Exercise description | Return each entry unchanged.

Information supplied |

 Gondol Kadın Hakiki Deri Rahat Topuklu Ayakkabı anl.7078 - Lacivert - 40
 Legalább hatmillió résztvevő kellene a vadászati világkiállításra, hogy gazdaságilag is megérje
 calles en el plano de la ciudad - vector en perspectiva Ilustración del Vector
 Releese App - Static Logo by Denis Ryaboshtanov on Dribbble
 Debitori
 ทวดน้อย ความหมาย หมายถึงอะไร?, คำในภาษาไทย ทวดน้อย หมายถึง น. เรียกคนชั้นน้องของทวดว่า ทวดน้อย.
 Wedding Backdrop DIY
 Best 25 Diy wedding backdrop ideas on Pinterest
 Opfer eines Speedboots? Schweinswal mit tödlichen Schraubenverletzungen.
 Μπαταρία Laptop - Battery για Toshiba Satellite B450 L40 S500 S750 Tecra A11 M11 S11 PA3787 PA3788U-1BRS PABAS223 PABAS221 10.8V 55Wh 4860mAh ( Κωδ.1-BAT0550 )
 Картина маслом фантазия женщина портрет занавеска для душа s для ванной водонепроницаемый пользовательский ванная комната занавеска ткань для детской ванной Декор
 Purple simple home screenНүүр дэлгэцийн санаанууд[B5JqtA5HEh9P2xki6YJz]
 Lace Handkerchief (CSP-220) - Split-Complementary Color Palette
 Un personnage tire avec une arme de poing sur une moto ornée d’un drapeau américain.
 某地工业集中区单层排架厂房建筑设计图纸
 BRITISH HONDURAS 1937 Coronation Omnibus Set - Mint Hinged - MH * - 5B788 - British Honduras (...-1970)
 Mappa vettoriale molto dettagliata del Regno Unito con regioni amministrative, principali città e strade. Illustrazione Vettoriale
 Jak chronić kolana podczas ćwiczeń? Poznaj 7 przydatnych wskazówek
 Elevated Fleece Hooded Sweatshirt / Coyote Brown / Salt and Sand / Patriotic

Answer below |
 Gondol Kadın Hakiki Deri Rahat Topuklu Ayakkabı anl.7078 - Lacivert - 40
 Legalább hatmillió résztvevő kellene a vadászati világkiállításra, hogy gazdaságilag is megérje
 calles en el plano de la ciudad - vector en perspectiva Ilustración del Vector
 Releese App - Static Logo by Denis Ryaboshtanov on Dribbble
 Debitori
 ทวดน้อย ความหมาย หมายถึงอะไร?, คำในภาษาไทย ทวดน้อย หมายถึง น. เรียกคนชั้นน้องของทวดว่า ทวดน้อย.
 Wedding Backdrop DIY
 Best 25 Diy wedding backdrop ideas on Pinterest
 Opfer eines Speedboots? Schweinswal mit tödlichen Schraubenverletzungen.
 Μπαταρία Laptop - Battery για Toshiba Satellite B450 L40 S500 S750 Tecra A11 M11 S11 PA3787 PA3788U-1BRS PABAS223 PABAS221 10.8V 55Wh 4860mAh ( Κωδ.1-BAT0550 )
 Картина маслом фантазия женщина портрет занавеска для душа s для ванной водонепроницаемый пользовательский ванная комната занавеска ткань для детской ванной Декор
 Purple simple home screenНүүр дэлгэцийн санаанууд[B5JqtA5HEh9P2xki6YJz]
 Lace Handkerchief (CSP-220) - Split-Complementary Color Palette
 Un personnage tire avec une arme de poing sur une moto ornée d’un drapeau américain.
 某地工业集中区单层排架厂房建筑设计图纸
 BRITISH HONDURAS 1937 Coronation Omnibus Set - Mint Hinged - MH * - 5B788 - British Honduras (...-1970)
 Mappa vettoriale molto dettagliata del Regno Unito con regioni amministrative, principali città e strade. Illustrazione Vettoriale
 Jak chronić kolana podczas ćwiczeń? Poznaj 7 przydatnych wskazówek
 Elevated Fleece Hooded Sweatshirt / Coyote Brown / Salt and Sand / Patriotic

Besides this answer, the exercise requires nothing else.